> **Dataset extract**:
+++

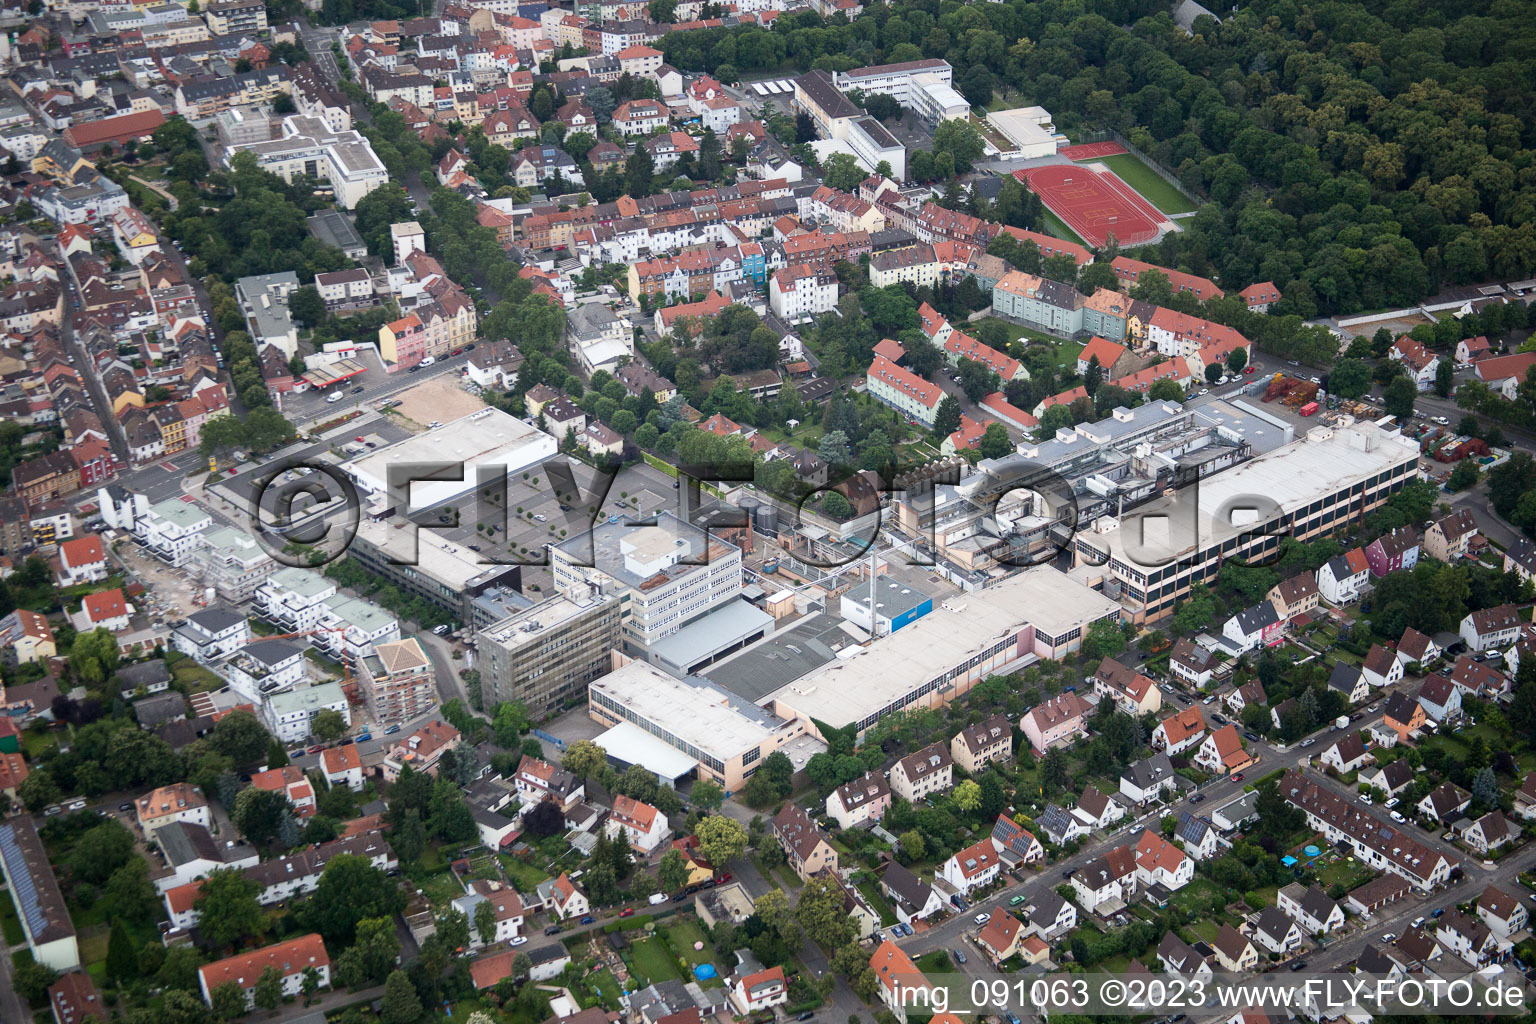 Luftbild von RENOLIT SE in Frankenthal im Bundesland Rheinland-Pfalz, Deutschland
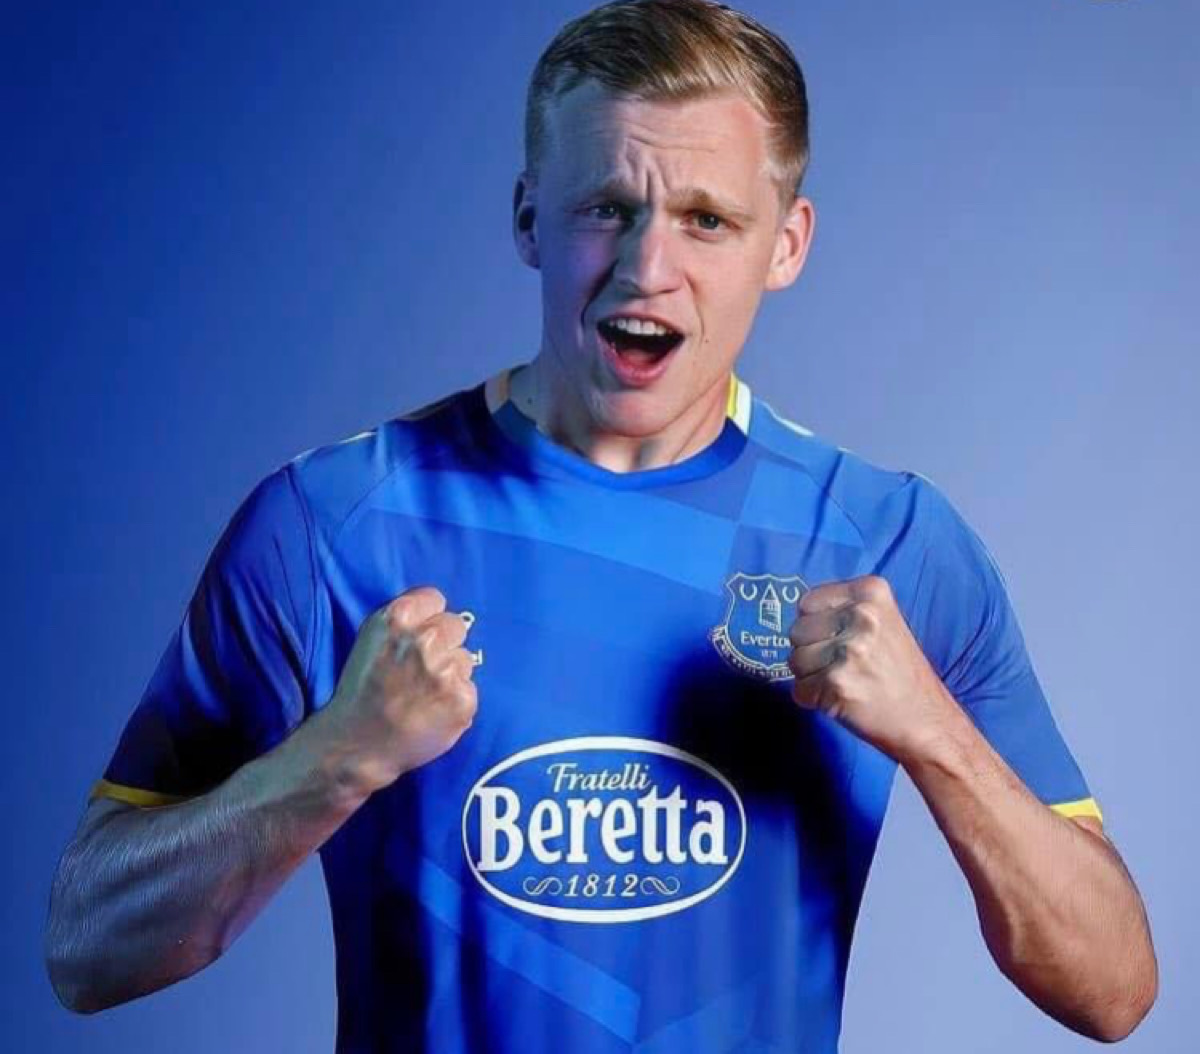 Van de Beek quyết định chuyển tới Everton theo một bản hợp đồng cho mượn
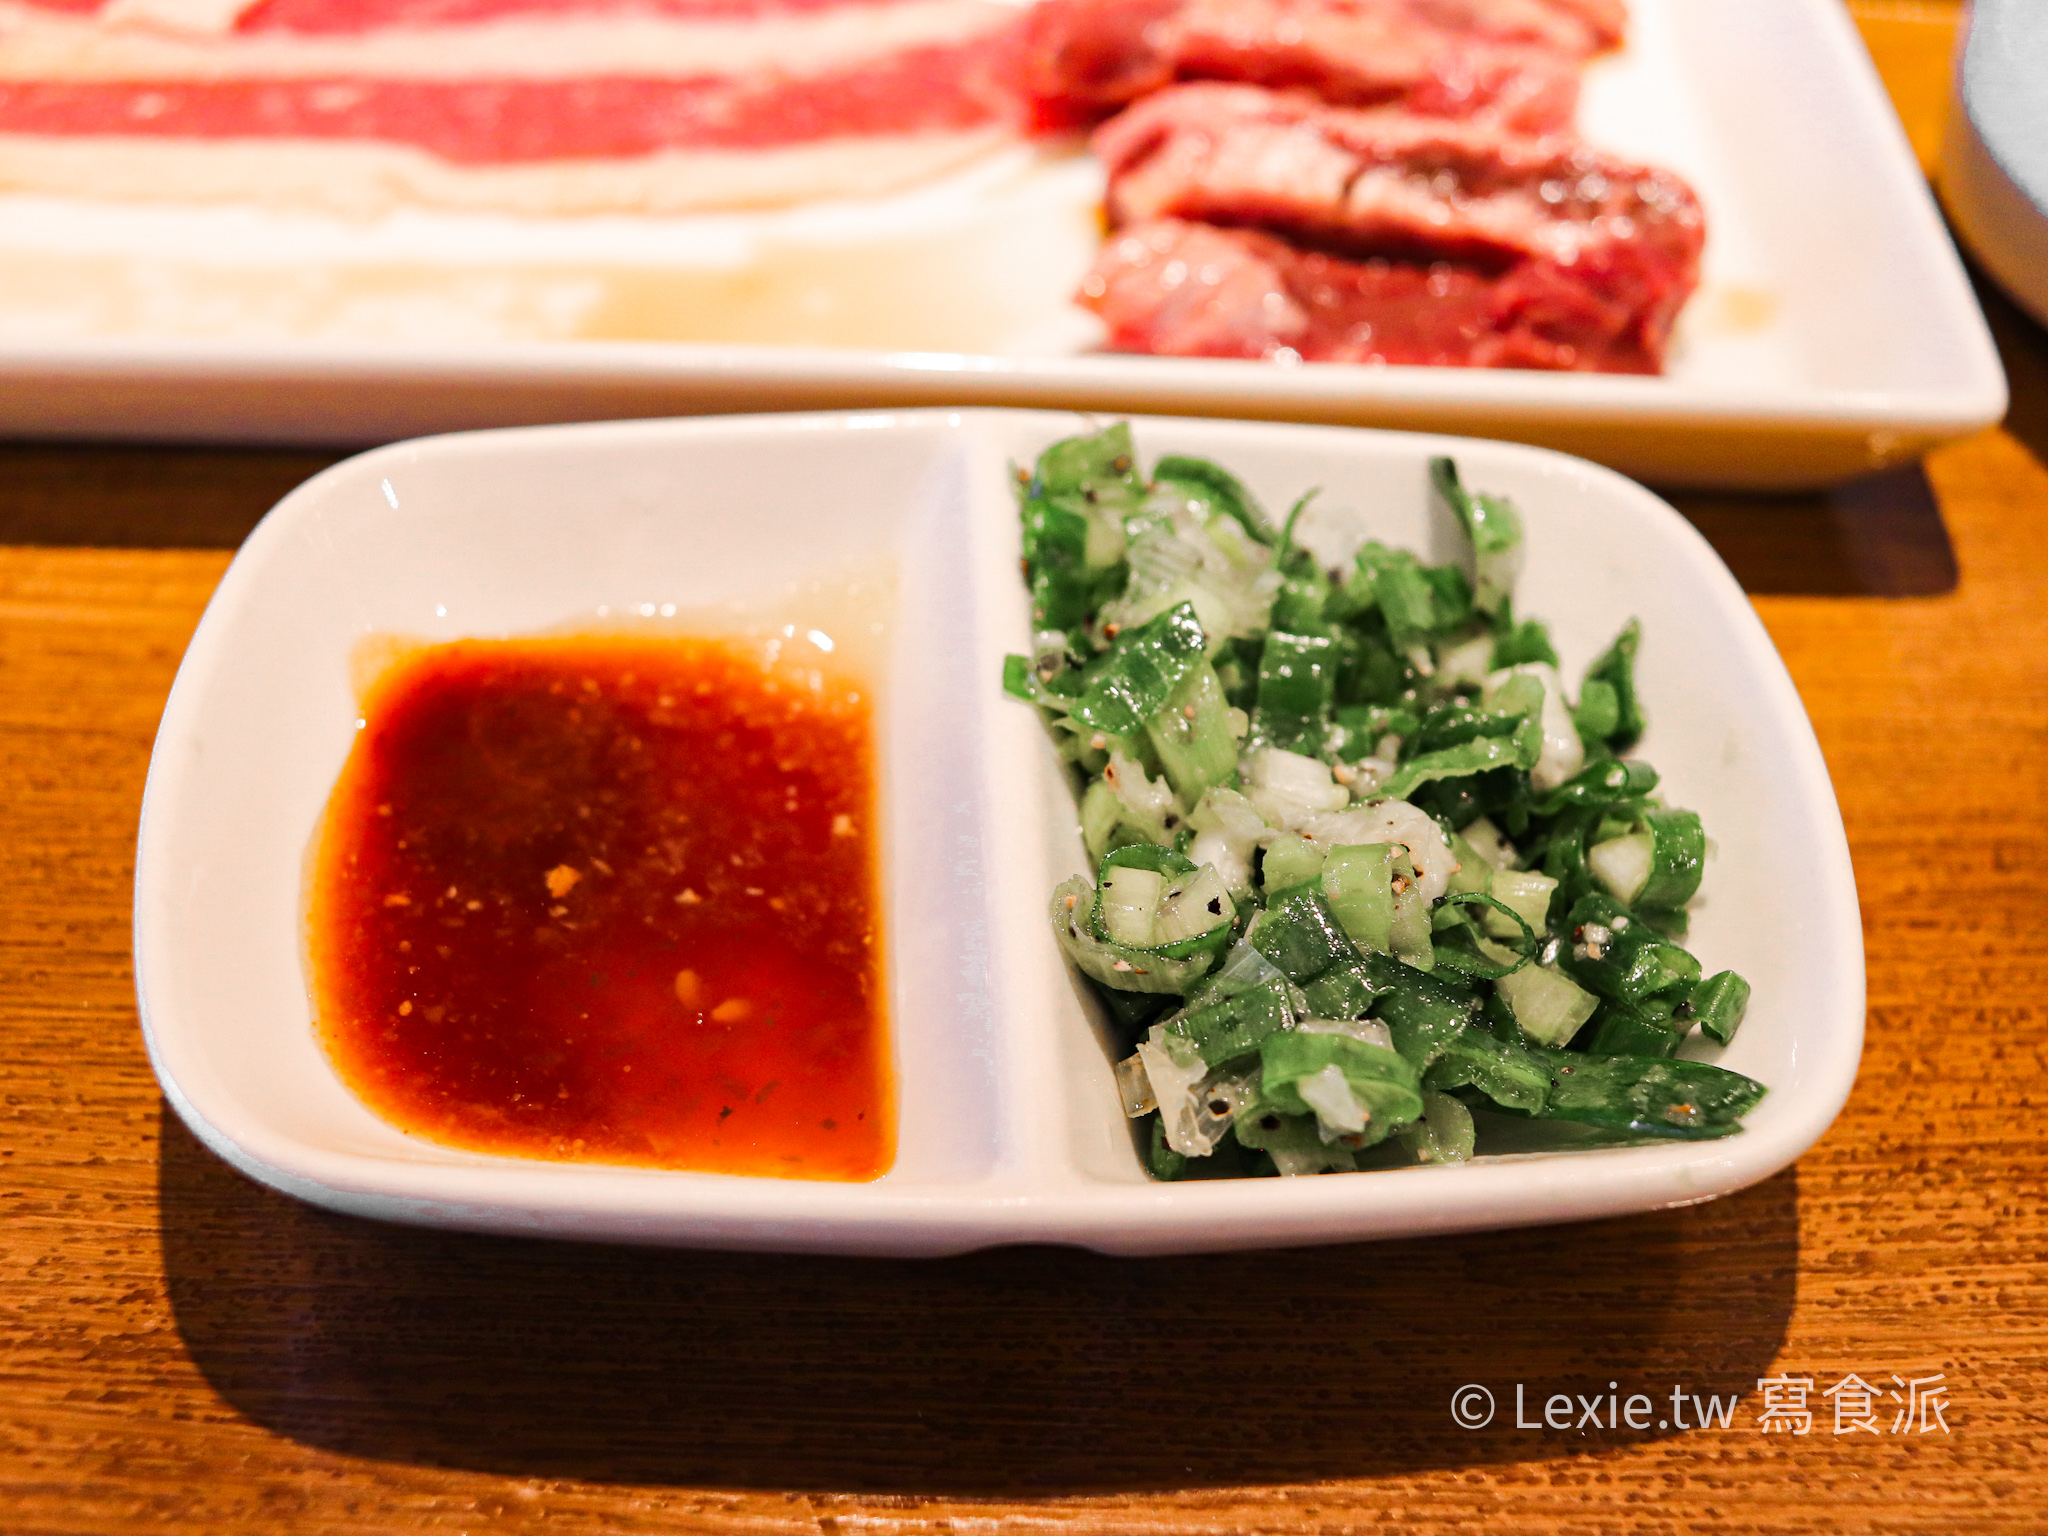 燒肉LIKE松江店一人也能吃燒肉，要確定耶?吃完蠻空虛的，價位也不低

+++

Leave out the pictures and retype every line above exactly.

> **Output of the task**:
 Luftbild von RENOLIT SE in Frankenthal im Bundesland Rheinland-Pfalz, Deutschland
 Van de Beek quyết định chuyển tới Everton theo một bản hợp đồng cho mượn
 燒肉LIKE松江店一人也能吃燒肉，要確定耶?吃完蠻空虛的，價位也不低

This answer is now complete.